Sur le flan ouest, par la rue de Vaugirard, arrivent les fusiliers marins. Les FFI du colonel Fabien participent à l'investissement du jardin. La garnison se rend à 18 heures 35, après que la reddition du général Von Choltitz lui a été notifiée.
Soixante ans après, jour pour jour, le Sénat a souhaité donner une tonalité solennelle à ces manifestations qui s'inscrivent dans le programme de commémoration du soixantième anniversaire de la Libération décidé par son Bureau.
La libération du Sénat ne fut qu'un des aspects de la libération de Paris. C'est la raison pour laquelle j'ai tenu, Monsieur le Maire de Paris, à ce qu'elle s'inscrive dans le cadre plus général aux destinées duquel vous présidez avec Monsieur le Ministre délégué aux anciens Combattants.
Cette cérémonie n'aurait cependant pas de sens si nous nous en tenions à la seule célébration des combats. Nous sommes, je crois, les uns et les autres convaincus du fait que ces morts nous obligent à rester dignes des valeurs pour lesquelles ils se sont battus et ont fait le sacrifice de leur vie.
Cette fidélité est particulièrement nécessaire pour une assemblée de la République qui représente l'ensemble de ses territoires.
Quelques mois plus tard, le premier embryon de représentation du peuple français - l'Assemblée consultative provisoire - s'installa dans l'hémicycle de ce Palais tout proche et commença à jeter les bases de la reconstruction de nos institutions et de la renaissance de notre société.
Bientôt, avant même l'armistice, des élections libres seraient organisées. Je me dois de souligner que ce furent des élections locales et qu'elles virent, pour la première fois, la participation des Françaises.
Aujourd'hui, nous devons penser au défi commun qui nous attend : faire vivre la liberté et la démocratie, non seulement en France, mais en Europe, seules conditions de l'instauration d'une paix durable.
Puisse le souvenir des combats rappeler aussi que la paix ne peut être maintenue sans vigilance, sans engagement et sans courage.
C'est le message que nous souhaitons transmettre aux nouvelles générations.
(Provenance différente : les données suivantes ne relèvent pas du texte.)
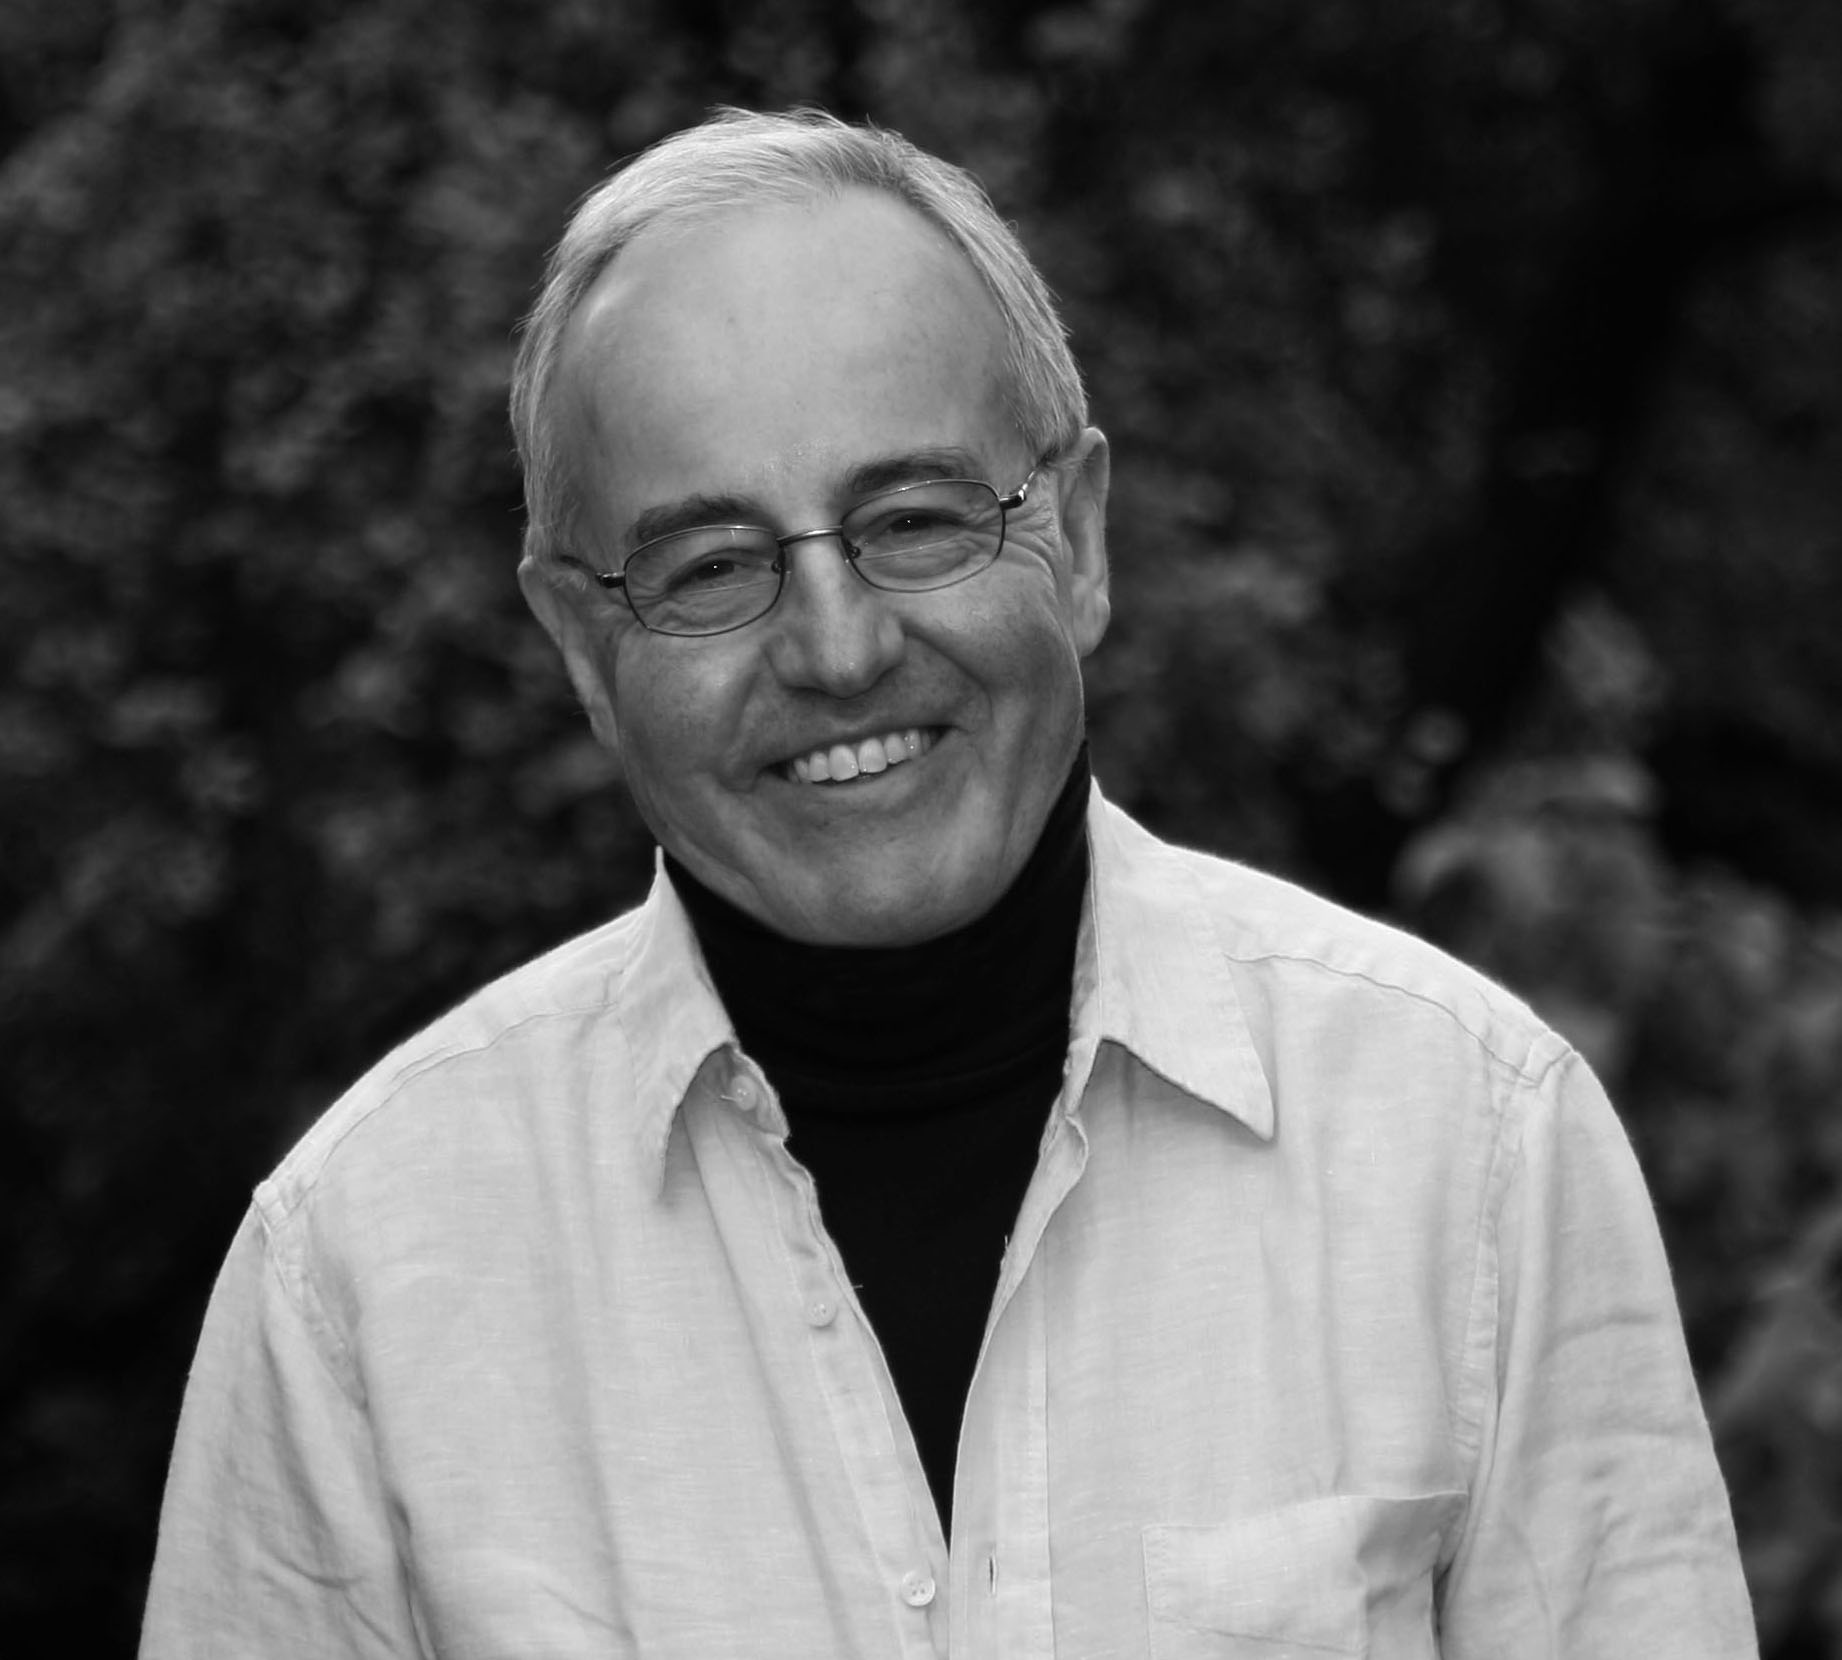 Michael Tobert

Nous donnons d'ailleurs rendez-vous aux jeunes des lycées de France et des pays limitrophes de la France, le 21 mai prochain, dans l'hémicycle du Sénat, pour une réflexion commune sur la paix et la nécessaire démocratie européenne.
Symbole de cette continuité républicaine qui s'attache à notre assemblée, l'hémicycle du Sénat aura ainsi connu et les prémisses de la reconstruction de notre patrie et l'esquisse de son avenir, de notre avenir, au sein d'une Europe forte, prospère et solidaire.